— REQUIREMENT —
Report every line of the entries that contains the word "calidad".

[[ INFORMATION open ]]

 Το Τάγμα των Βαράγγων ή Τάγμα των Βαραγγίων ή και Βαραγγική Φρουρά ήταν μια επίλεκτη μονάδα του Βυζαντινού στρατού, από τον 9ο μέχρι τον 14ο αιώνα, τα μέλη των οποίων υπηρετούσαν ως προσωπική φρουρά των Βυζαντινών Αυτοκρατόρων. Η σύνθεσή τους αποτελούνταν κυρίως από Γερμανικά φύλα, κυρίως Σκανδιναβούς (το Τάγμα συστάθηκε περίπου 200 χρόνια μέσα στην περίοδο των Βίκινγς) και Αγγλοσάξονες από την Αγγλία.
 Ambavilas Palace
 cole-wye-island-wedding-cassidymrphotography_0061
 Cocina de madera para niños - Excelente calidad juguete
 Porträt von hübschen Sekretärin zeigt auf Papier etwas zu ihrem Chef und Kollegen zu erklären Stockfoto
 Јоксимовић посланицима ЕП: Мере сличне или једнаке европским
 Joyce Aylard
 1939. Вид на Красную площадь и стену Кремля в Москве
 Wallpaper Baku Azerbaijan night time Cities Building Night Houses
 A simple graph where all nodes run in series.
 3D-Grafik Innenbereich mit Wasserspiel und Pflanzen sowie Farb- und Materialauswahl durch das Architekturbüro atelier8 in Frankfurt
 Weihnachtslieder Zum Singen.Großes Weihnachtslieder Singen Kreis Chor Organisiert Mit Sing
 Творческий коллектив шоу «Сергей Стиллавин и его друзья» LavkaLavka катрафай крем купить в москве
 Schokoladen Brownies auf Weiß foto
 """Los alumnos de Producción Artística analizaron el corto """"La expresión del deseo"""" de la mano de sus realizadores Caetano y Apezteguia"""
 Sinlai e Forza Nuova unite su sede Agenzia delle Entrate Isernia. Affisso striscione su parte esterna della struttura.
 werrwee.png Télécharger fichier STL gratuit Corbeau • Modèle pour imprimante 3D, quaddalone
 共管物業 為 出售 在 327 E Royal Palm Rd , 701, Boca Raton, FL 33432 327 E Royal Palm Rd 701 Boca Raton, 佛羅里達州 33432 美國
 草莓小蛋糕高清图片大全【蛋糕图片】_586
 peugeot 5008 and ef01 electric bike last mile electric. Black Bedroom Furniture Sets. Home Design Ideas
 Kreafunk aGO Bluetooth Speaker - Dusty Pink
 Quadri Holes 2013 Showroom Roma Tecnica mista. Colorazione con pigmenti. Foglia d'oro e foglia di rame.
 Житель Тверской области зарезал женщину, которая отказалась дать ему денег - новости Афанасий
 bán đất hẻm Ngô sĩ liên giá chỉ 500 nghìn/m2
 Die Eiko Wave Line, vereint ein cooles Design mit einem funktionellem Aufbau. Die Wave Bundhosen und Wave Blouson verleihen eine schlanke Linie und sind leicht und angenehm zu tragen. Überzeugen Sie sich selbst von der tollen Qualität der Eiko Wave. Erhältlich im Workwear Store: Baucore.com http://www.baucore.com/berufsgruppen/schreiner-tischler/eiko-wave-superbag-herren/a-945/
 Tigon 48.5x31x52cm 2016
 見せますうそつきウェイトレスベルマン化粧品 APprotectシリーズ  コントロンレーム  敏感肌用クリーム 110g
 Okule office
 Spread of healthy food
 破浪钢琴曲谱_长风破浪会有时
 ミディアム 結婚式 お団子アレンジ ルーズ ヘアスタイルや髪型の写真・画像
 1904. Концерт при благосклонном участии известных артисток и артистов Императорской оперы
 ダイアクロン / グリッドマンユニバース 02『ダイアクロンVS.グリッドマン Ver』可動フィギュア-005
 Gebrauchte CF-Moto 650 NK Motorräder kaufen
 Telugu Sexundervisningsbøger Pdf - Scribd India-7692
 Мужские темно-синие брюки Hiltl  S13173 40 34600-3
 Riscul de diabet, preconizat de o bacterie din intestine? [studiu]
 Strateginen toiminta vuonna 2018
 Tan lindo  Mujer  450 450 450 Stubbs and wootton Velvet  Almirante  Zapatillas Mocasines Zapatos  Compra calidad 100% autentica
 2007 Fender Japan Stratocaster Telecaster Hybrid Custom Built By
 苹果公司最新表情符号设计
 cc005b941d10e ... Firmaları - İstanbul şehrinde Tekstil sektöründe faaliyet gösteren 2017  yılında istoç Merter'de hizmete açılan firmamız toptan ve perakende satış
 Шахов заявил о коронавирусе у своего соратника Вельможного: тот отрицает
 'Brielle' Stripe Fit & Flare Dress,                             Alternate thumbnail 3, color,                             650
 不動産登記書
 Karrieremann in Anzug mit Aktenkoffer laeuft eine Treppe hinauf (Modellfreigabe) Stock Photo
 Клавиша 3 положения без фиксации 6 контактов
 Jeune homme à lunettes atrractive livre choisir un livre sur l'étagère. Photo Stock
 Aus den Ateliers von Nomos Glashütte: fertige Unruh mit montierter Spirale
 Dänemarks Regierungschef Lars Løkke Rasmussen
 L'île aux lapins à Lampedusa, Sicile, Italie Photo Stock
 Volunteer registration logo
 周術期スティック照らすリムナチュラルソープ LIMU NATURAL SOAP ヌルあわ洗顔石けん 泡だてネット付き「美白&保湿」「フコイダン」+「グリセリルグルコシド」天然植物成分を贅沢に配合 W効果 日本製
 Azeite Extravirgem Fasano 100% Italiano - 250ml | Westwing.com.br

[[ INFORMATION closed ]]

— SOLUTION TO THE PROBLEM —
 Cocina de madera para niños - Excelente calidad juguete
 Tan lindo  Mujer  450 450 450 Stubbs and wootton Velvet  Almirante  Zapatillas Mocasines Zapatos  Compra calidad 100% autentica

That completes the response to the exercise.